師走蠅ふたたび
今年もまた、この件を書かずにおられません。師走に入り、「ふるさと納税」サイトの広告が、テレビやネットで五月蠅いですねえ。
師走蠅と書いて、フルサトノウゼイと読ませたら良いと思います。
来年から、この制度に規制がかかるとかで、今年は「駆け込み」の様相です。
さて弊ブログの読者さんは、私が「ふるさと納税」を嫌いなことを、既にご存知と思います。
何の所縁も無い土地の産物を買うためだけに自治体に寄付をする行為を「ふるさとの納税」とか称するらしいですが、これは納税の仕組みを利用した安売りに過ぎず、それに「ふるさと」という言葉を充てるのは、素晴らしいこの言葉の尊厳を傷つけていると私は感じています。
それで「ふるさと納税」という言葉に私はいちいち「 」を付けています。自称イスラム国を「イスラム国」と書くようなものです。
「ふるさと納税」の人気アイテムの上位は肉ですが、その肉の味の面でも、「ふるさと納税」は期待できないと私は思っています。
一般論ですが、肉の味にこだわっている流通業者さん(問屋さん)が地方には少ないからです。勿論、一般論ですけどね。
私が創った「肉の熟成クイズ」を解いてみた方は、そこに書かれている仕事の相当部分が、肉の問屋さんの倉庫で行われていることに気づかれたと思います。
牛さんを屠殺すれば、即、肉に成るわけではありません。少なくとも美味しい肉には成りません。
美味しい肉に成らせたければ、そのように取り扱わねばならないのですが、その仕事は面倒です。肉をスピーデイーに流通させたいのに、それを停滞させてしまう形になりましょう。
よって、肉の美味しさにこだわれば作業場からは嫌われます。そんな中で強い意志を持って、流通の現場をコントロールしなかれば行けないのですが、それがお出来になる方が地方には少ないと私は観ています、しつこいですが、もちろん一般論です。
その点、東京や京都であれば、味に五月蠅い料理屋や肉屋がおりますから、その連中が始終、問屋さんにもろもろのリクエストを出します。それが味の向上につながるのです。
例えば、私自身は、問屋さん達と必ず月に一回会食しています。
「会食」と申しましても、すきやきを一緒に食べて感想を言い合うだけですが、そういうことをしている理由は勿論、同じ肉を食べた時に、違う感想を持つようでは困るからです。

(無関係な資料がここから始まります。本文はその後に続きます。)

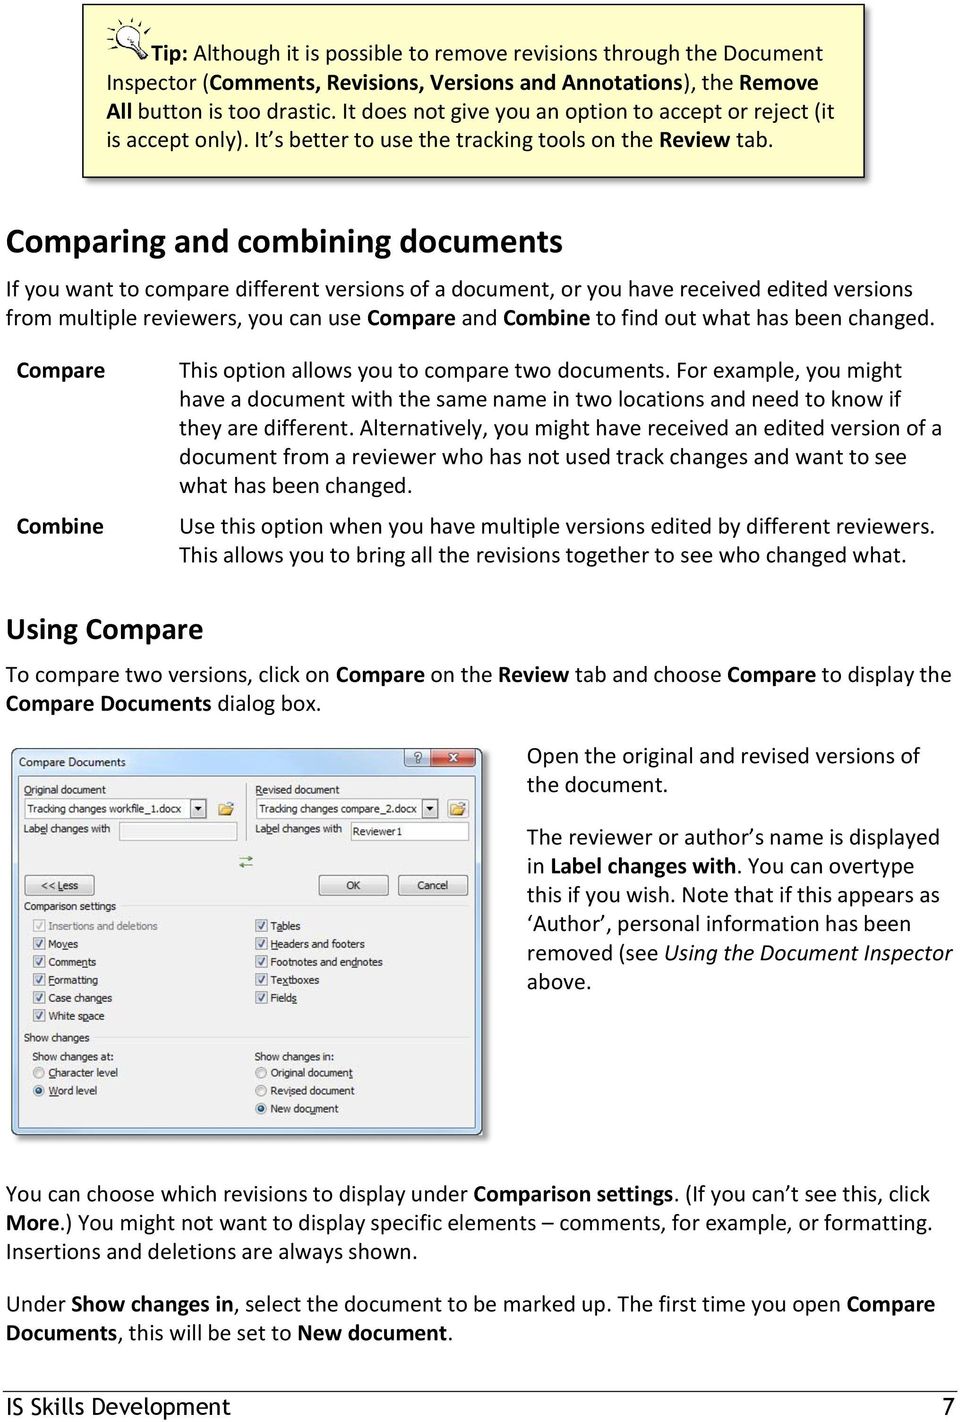 Comparing and combining documents If you want to compare different versions of a document, or you have received edited versions from multiple reviewers, you can use Compare and Combine to find out
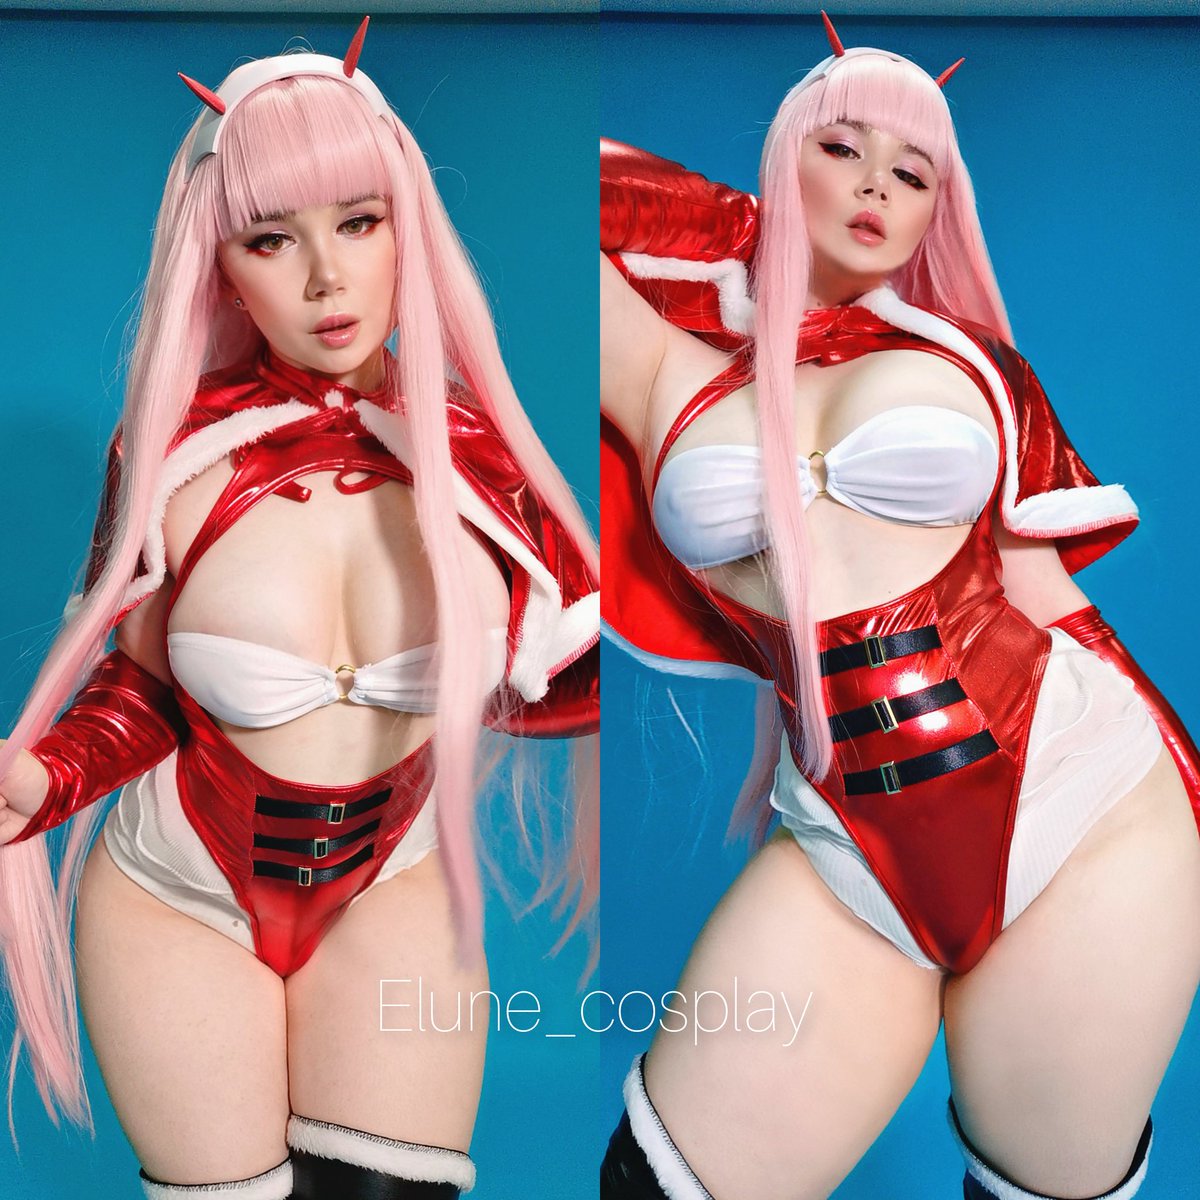 Zero Two cosplay for you 🍭 More of this H 🔥 t candy on my 🅾 ️F #Darlingi...

そういうことが地方の問屋さんとではやりづらいですよね、残念ながら。毎月上京して、私に会いに来るファイトがおありの方なら、お目にかかってみたいところですが、現実的ではないでしょう。
ここまでお読みになって、分かっていただいたと思いますが、「ふるさと納税」つまり産直システムで買うということは、そういう信頼関係がない先から闇雲に買うということになるわけです。
貴女が、有名ブランド肉を買ったのに美味しくない!という経験をなさったなら、その理由はおそらく、こういうことだったろうと想像します。ご愁傷様でした。
もちろん例外も在ります。米沢市では「米沢牛のれん会」の会員店さんが、市の委託を請けて、「ふるさと納税」の返礼肉を担当しておられますから、現在は美味しいのですが、独占を続けていると、他から妬まれる心配があります。妬みの声に市役所が耳を傾ければ、現在は美味しい米沢牛も安泰とは言えなくなってくると私は観ています。
このように味の面でも、私は「ふるさと納税」というものを高く評価しておりません。
まったく今日も広告が師走蠅いなあ。